Xena obviously broached a heterosexual dalliance or two. In fact, she seduces Iolaus in The Warrior Princess and is reunited with her nine-year-old son in Orphan of War. "She's had one child on the show," says Lawless. "She's learning that a new evil power had a hand in her child's early demise [pauses]...Just some nice, easy, little comedies, Dan, that's all I'm asking. I don't mind playing dual or even triple roles, but just don't let me give birth to anymore centaurs."

Upcoming scenarios, related to the TV series, are generally a mystery to Lawless: the actress isn't part of the scripting process--and she'd prefer to keep it that way. '"they don't tell me, Dan," she says with a lift of her eye-brows. "They just don't tell me. It's a big surprise to me--and a big surprise to them what they get back. That is how we work. To tell the truth, I don't like to hear about a script because it just makes me anxious. Things are either far better or far worse than I anticipate, so there is no point in me anticipating anything. I'm much better if I just hear about things three or four days before. That's a good time frame for me. We've learned not to discuss that stuff. It's on a'need to know' basis. Lucy doesn't have to know."

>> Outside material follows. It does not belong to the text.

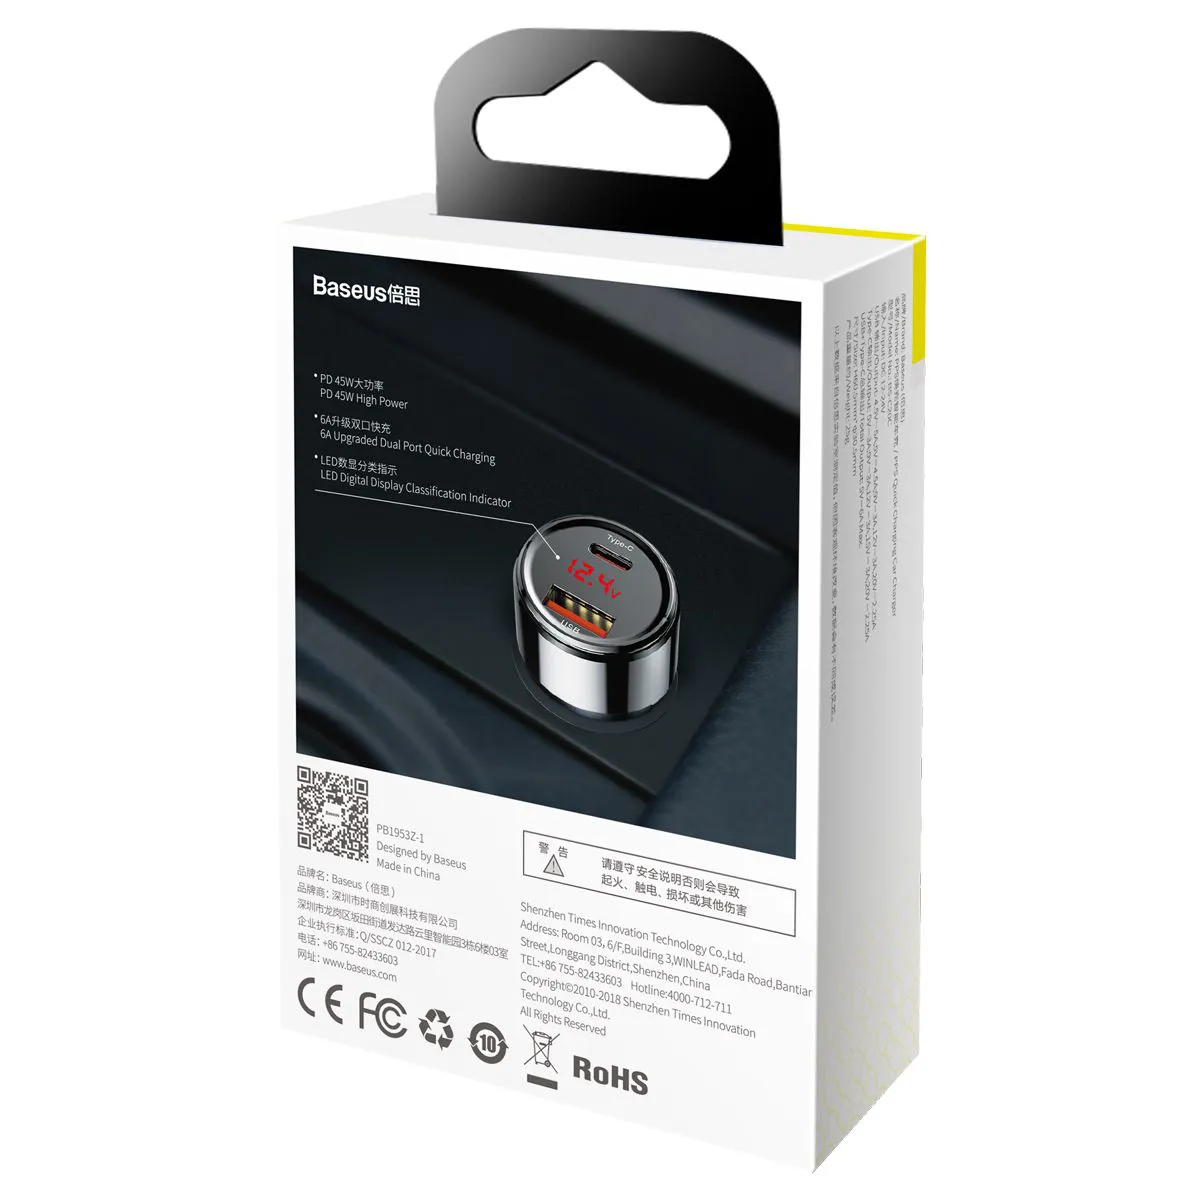 Carregador Veicular Turbo PD Baseus Magic 6a 45w Usb Qc 3.0 Usbc QC4.0 Preto

Only yesterday, Lucy Lawless was gold mining in the wilderness. Today, her celebrity is global: though HERCULES has been canceled, XENA has been renewed for another season. "The series has changed my life in every way, I guess," she said. "My daughter is the one constant in my life and now my husband. I own one pair of socks from my old life. Everything has changed. I still see my old friends but so rarely. I've had to accept my work as my social life because I spend so much time there. I always look to be happy so, when things are a little bit of a struggle, I learn to deal with it. I used to just sail through life: but now I don't sail. It's very re- warding but it's hard work. I've had to become much more responsible. I can't just take a day off work because there are people who depend on me to pay their mortgages. I've had to become more responsible in every sort of way."

Adhering to the demands of the role is a challenge for the 31-year-old actress, who slaps-on Xena's signature steel and leather for 32 weeks per year 'That's why I don't need to get too far ahead," explains Lawless. "I'm always fighting to keep on top of it, health-wise and work-wise. I've got to be physically on top of it. And I've got to be happy. I'm the morale officer. I'm in so much of the show that everybody is looking at me all the time: if behave badly, it effects everybody so I'm very cognizant of my responsibilities toward everybody. They're working the same hours I am and they're not getting paid the same money. They come to work with joy, so why shouldn't I? It's always about trying to be a better person."

So what's on Lawless' agenda once Xena permanently retires? "More kids," she says quickly. "Professionally, I don't want to just tell silly stories. I don't know what it is that I'm going to do, but I want to do something that makes a difference. I want to be part of something that either makes people laugh or makes people think and feel. I don't want to do anything in between. I would pick my projects carefully."